The remaining documents requested are not discoverable.

VI. Privilege Log

Apollo additionally argue that Defendants are evading their discovery obligations by failing to produce a privilege log explaining what documents are being withheld on the bases of privileges. Defendants contend that they will produce a privilege log upon the completion of their document production before the close of discovery. Defendants’ proposed procedure, however, affects Apollo’s ability to timely challenge Defendants’ privilege objections. Defendants, therefore, must produce a rolling privilege log, similar to their rolling document production. By January 6, 2014, Defendants shall produce an initial privilege log addressing the first 30, 000 documents they have produced. Defendants must produce subsequent privilege logs every two weeks concerning the documents they have produced up to the date of the privilege log.

VII. Depositions

On December 10, 2013, Apollo sent me a letter stating that Defendants’ attorneys are improperly refusing to respond to third-party subpoenas and schedule depositions. Defendants’ attorneys assert that they have offered to schedule depositions before the completion of document production, but do not want to be forced to schedule additional depositions of the same witnesses to address any new documents produced.

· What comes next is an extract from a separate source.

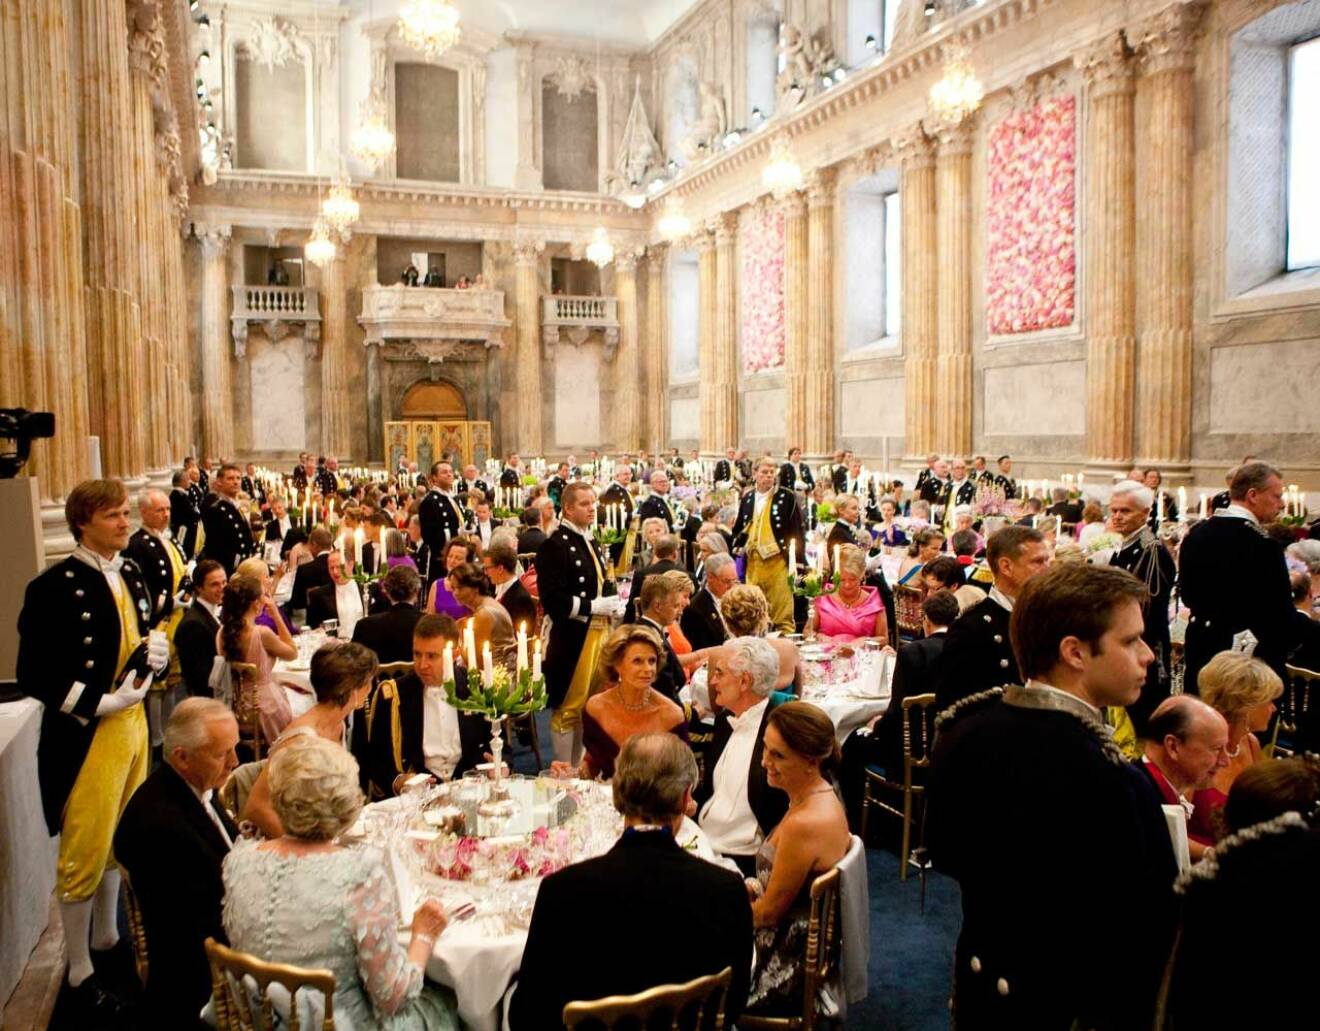 Rikssalen under kronprinsessan Victorias och prins Daniels bröllopsmiddag den 19 juni 2010.

Defendants’ attorneys shall respond to the subpoenas sent to persons they represent by December 30, 2013. With regard to the depositions, it is reasonable to schedule them after all documents have been produced and reviewed, as the parties stated in their Joint Discovery Report. See Joint Rpt. Pursuant to Fed.R.Civ.P. 26(f) (doc. 38) at 6. The parties, however, need to ensure that there is sufficient time for depositions once the production of documents is complete. Document production, therefore, must be complete by January 31, 2013, and depositions shall be scheduled from that date until the close of discovery on March 3, 2014. An appropriate Order follows.